Собрание сочинений в 15 томах. Том 7 - Страница 99
Меня точно озарило, и я тотчас же угадал название Шэпхембери. Самые пробелы помогли мне прочесть, или, быть может, на них остались слабые очертания букв или хоть намеки на них. Я знал, что это место находится где-то на восточном берегу, в Норфолке или Суффолке.

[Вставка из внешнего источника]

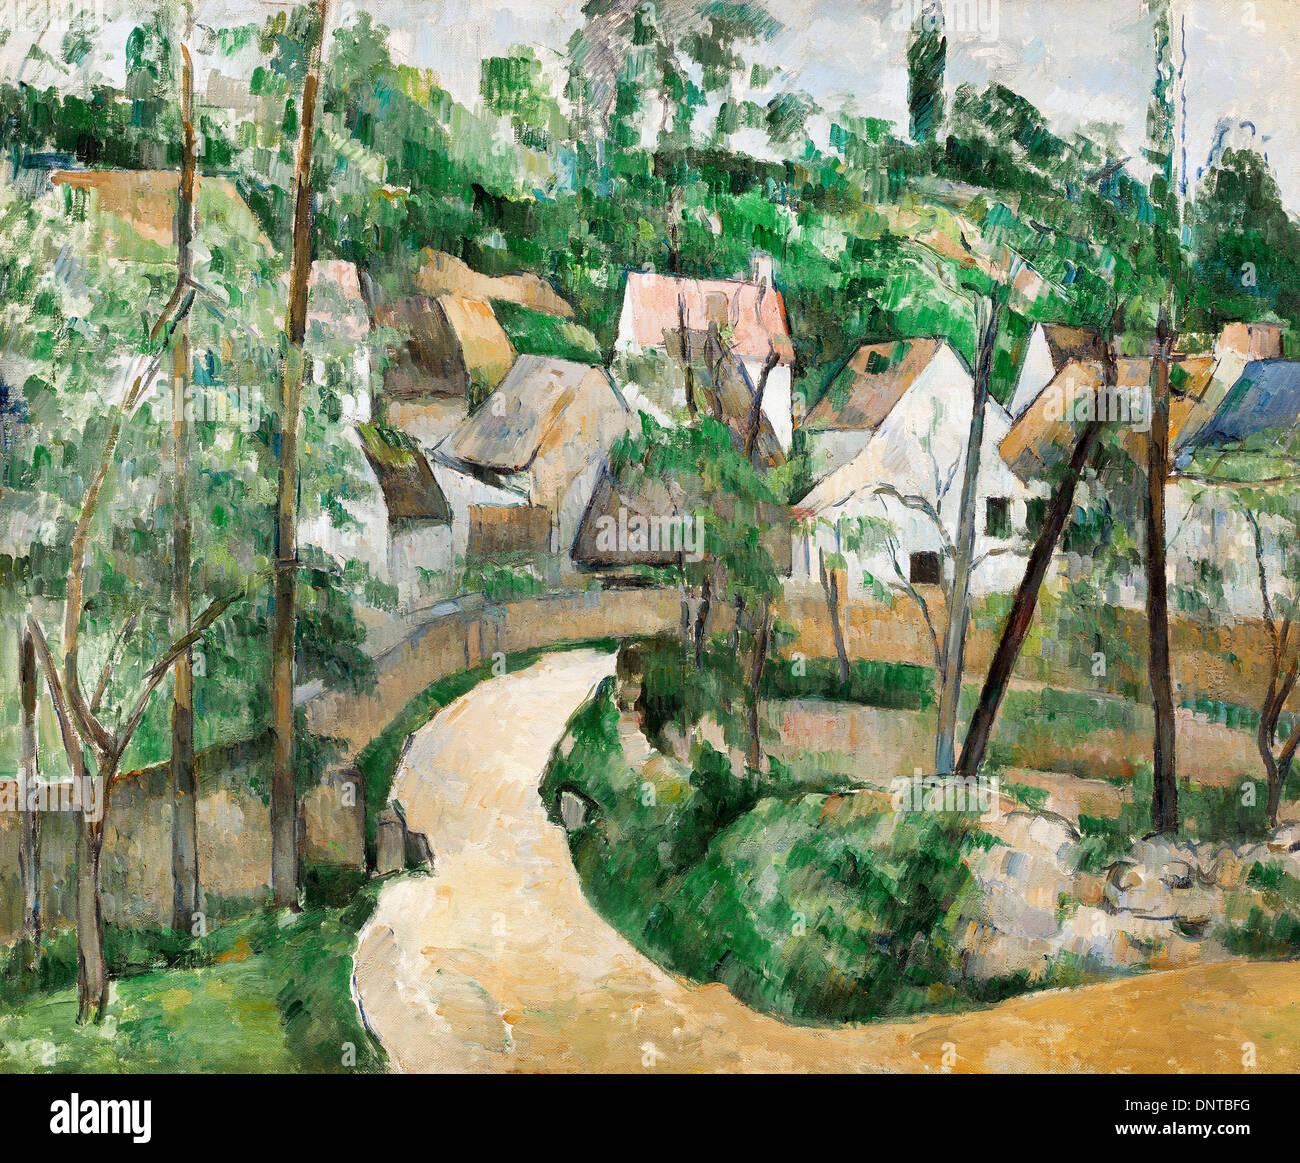 Paul Cezanne, tournez dans la route. Circa 1881. Huile sur toile. Musée des beaux-arts de Boston, Boston, Massachusetts, USA. Photo Stock

— Да ведь это… — воскликнул я и осекся.
Зачем ему знать?
Старый Стюарт быстро поднял на меня глаза и почти со страхом взглянул мне в лицо.
— Уж не разобрал ли ты названия? — спросил он.
«Шэпхембери — только бы не забыть», — подумал я.
— Неужели разобрал? — настаивал он.
Я отдал ему конверт.
— Мне сначала показалось, что это Гемптон.
— Гемптон, — повторил он, вертя в руках конверт. — Гемптон. Где же тут Гемптон? Нет, Вилли, ты еще хуже меня разбираешь.
Он вложил письмо обратно в конверт и выпрямился, чтобы вновь спрятать его в боковой карман.
Рисковать было нельзя. Я вынул из кармана огрызок карандаша, отвернулся и быстро записал «Шэпхембери» на моей протертой и довольно грязной манжете.
— Ну что ж, — сказал я с видом человека, не сделавшего ничего особенного, и обратился к Стюарту с каким-то замечанием — уж не помню с каким, — но не успел его договорить.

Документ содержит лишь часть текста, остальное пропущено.